Avnger said:
Heh... whenever I run into baby boomers pissing and moaning about how today kids are lazy and the jobless refuse to labour, not like the good ol' days... I look at them and smile; "Yeah... let's bring those days back... with their relative incomes, total work availability, and taxing your free lunch."
I get frustrated a lot at baby-boomers. There was an inflammatory article going around on my facebook about how "85% of Baby-boomers spending their children's inheritance before they die". And there were heaps of baby-boomers and millennials both saying "it's their money do what they want etc".
And I'm trying to explain that millennials don't want their parents money. The inheritance that Baby-boomers are spending isn't on of petty cash. Millennials want to inherit reliable jobs, an affordable housing market, access to tertiary education, healthcare, social supports, political stability, civil infrastructure and a renewing environment.

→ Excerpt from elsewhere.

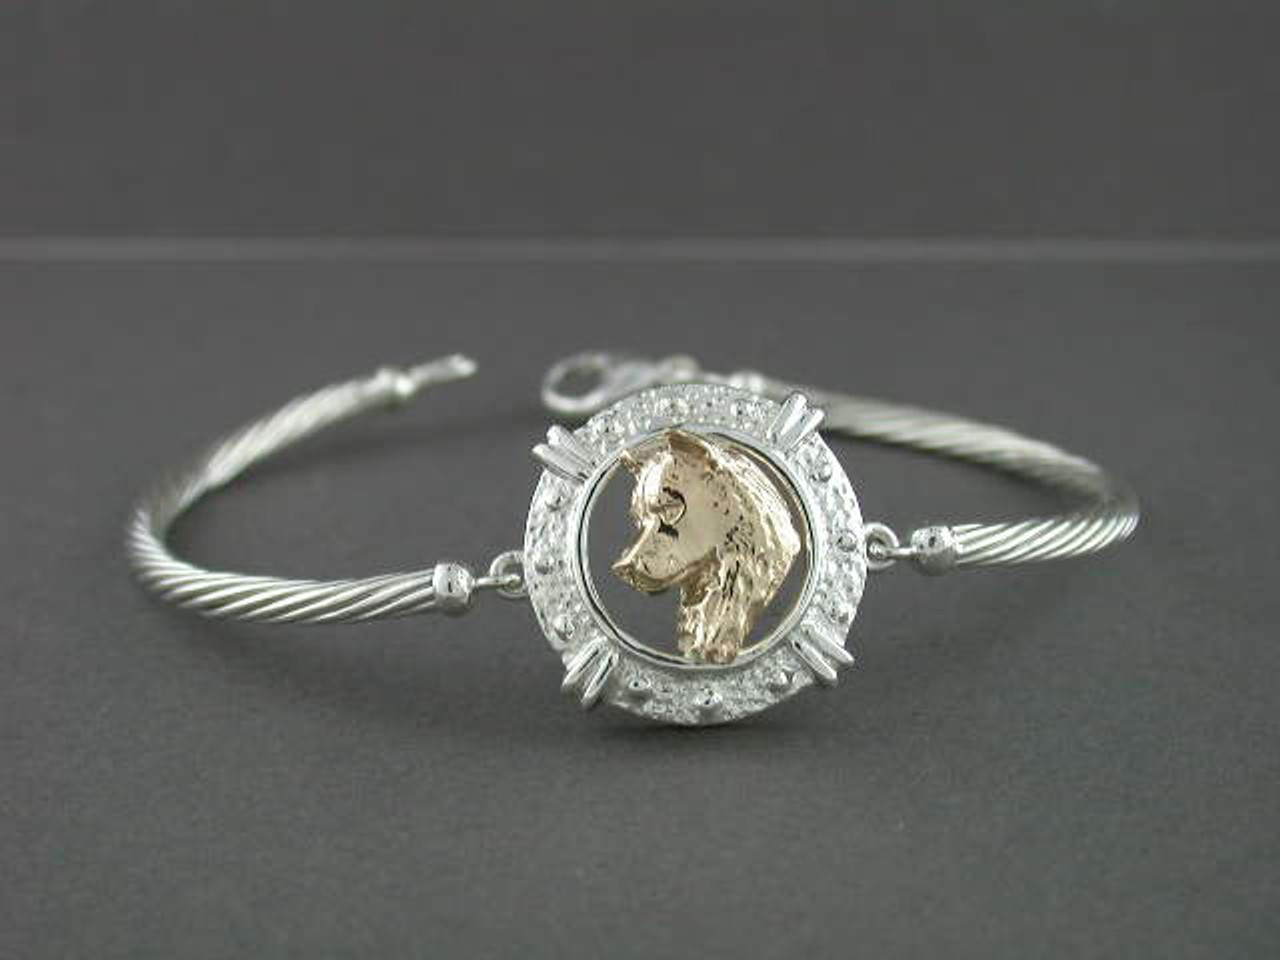 Bracelet Twisted Cable Cir Bead With Siberian Husky

Not just for us but for our children too.
I work in healthcare and boomers shit me up the wall there too. There was this old guy with dementia who had to come into a hospital for crisis accommodation because his wife/carer was very unwell. He got bounced out 50 miles from his home town to a regional hospital for a week while he was waiting for a nursing home bed. He had 3-4 middle aged children none of whom appeared to take him back to their home when their father had basically been shanghai'd by the medical system to the middle of nowhere. I know if my father was in a similar situation I'd have taken leave to look after him and then had to eat the financial consequences.

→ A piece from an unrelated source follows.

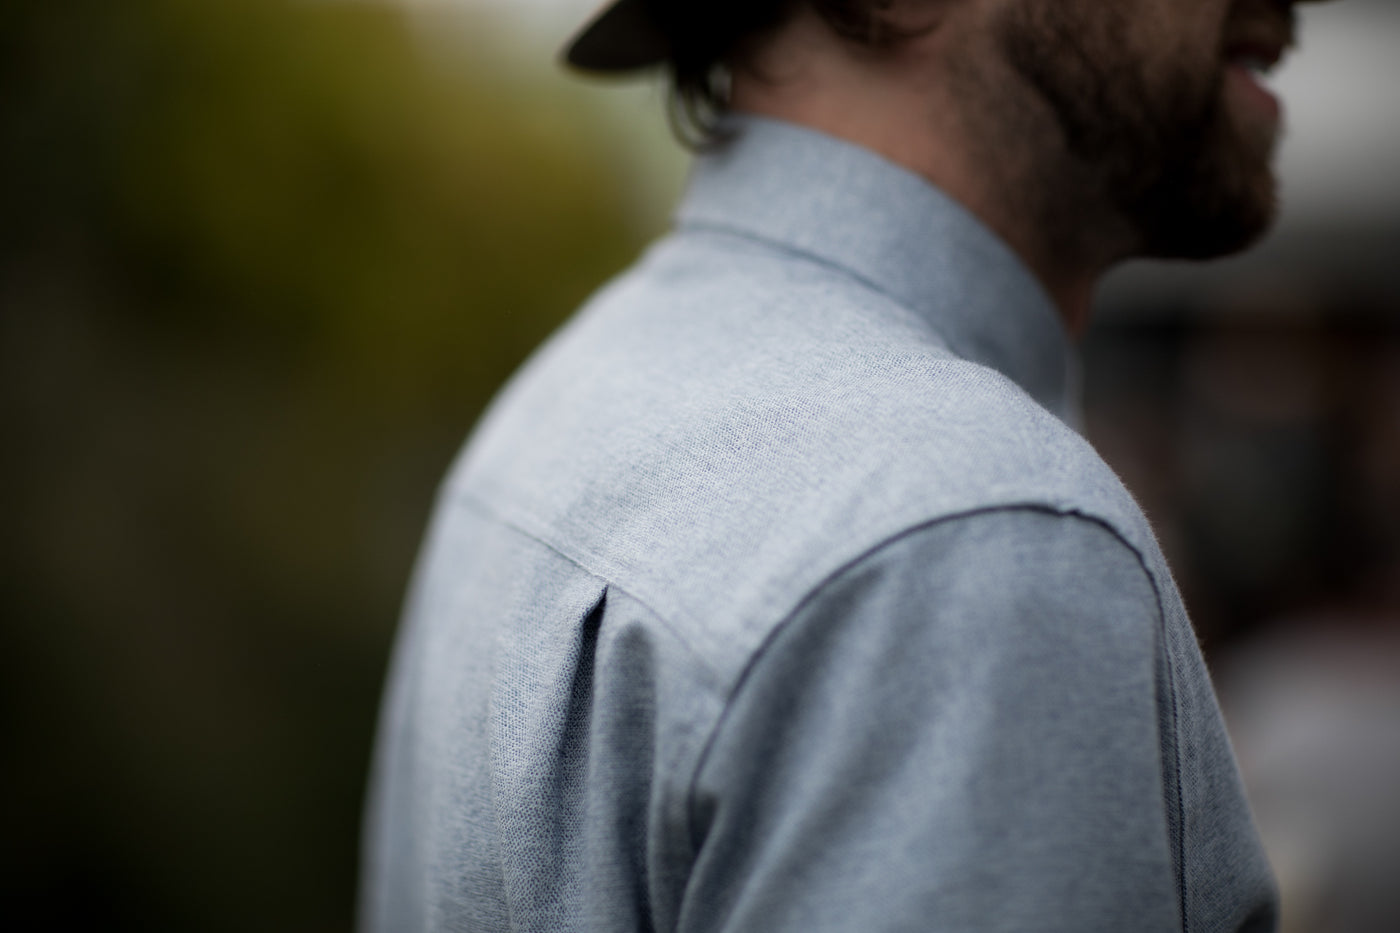 Men's Cascade Flannel Shirt - Dusty Blue

(I don't include my parents in the rants against baby-boomers, they understand how unfair it is. For example they both had their entire university education paid by the government in the 80s so they helped pay my subsidized but still costly university education)

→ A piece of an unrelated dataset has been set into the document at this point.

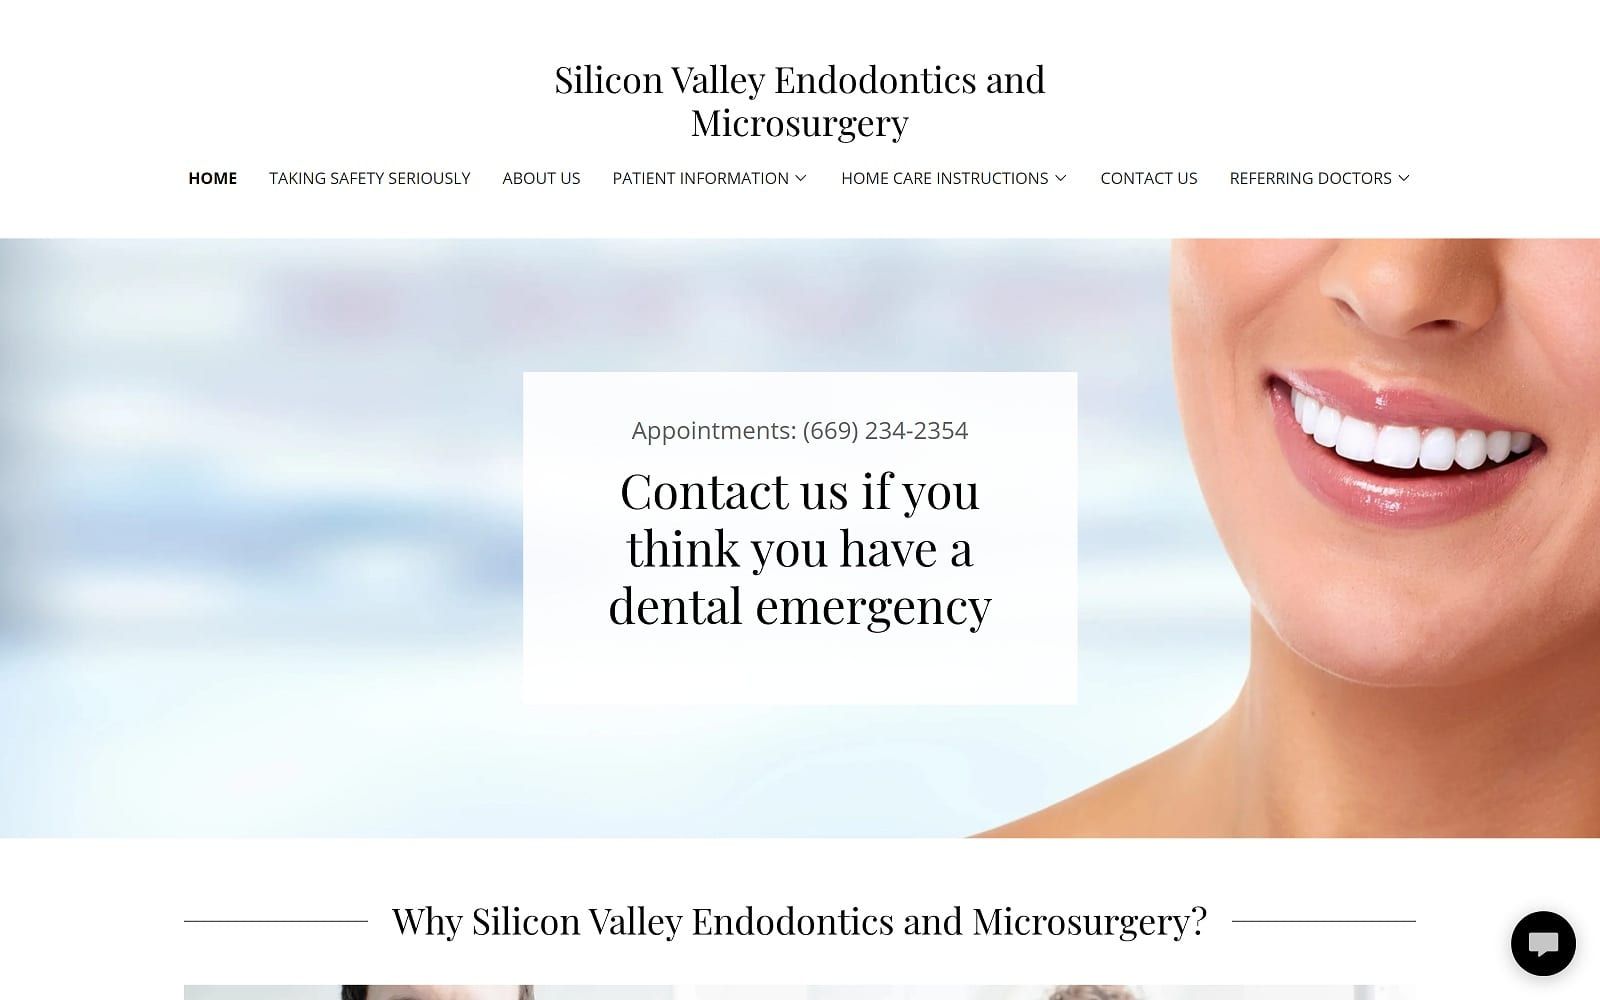 The screenshot of silicon valley endodontics and microsurgery svendodontics. Com website

Baby boomers. They seem want to live alone in their homes, sending their parents (the greatest and silent generations) to retirements homes, while kicking their children into subsistence living renting. They talk about millennial entitlement but you look at any other western time period or current developing countries and you will see multi-generational living. Grandparents, middle aged adults and their adult children with young children, all living together helping with the activities of daily living as best they can. A grandparent looks after the children while working adults go to their employment. Those adults in turn care for their grandparents when they get frail.
People built things with the idea of lifting their children and descendants up to live better lives than they did. What happened to that?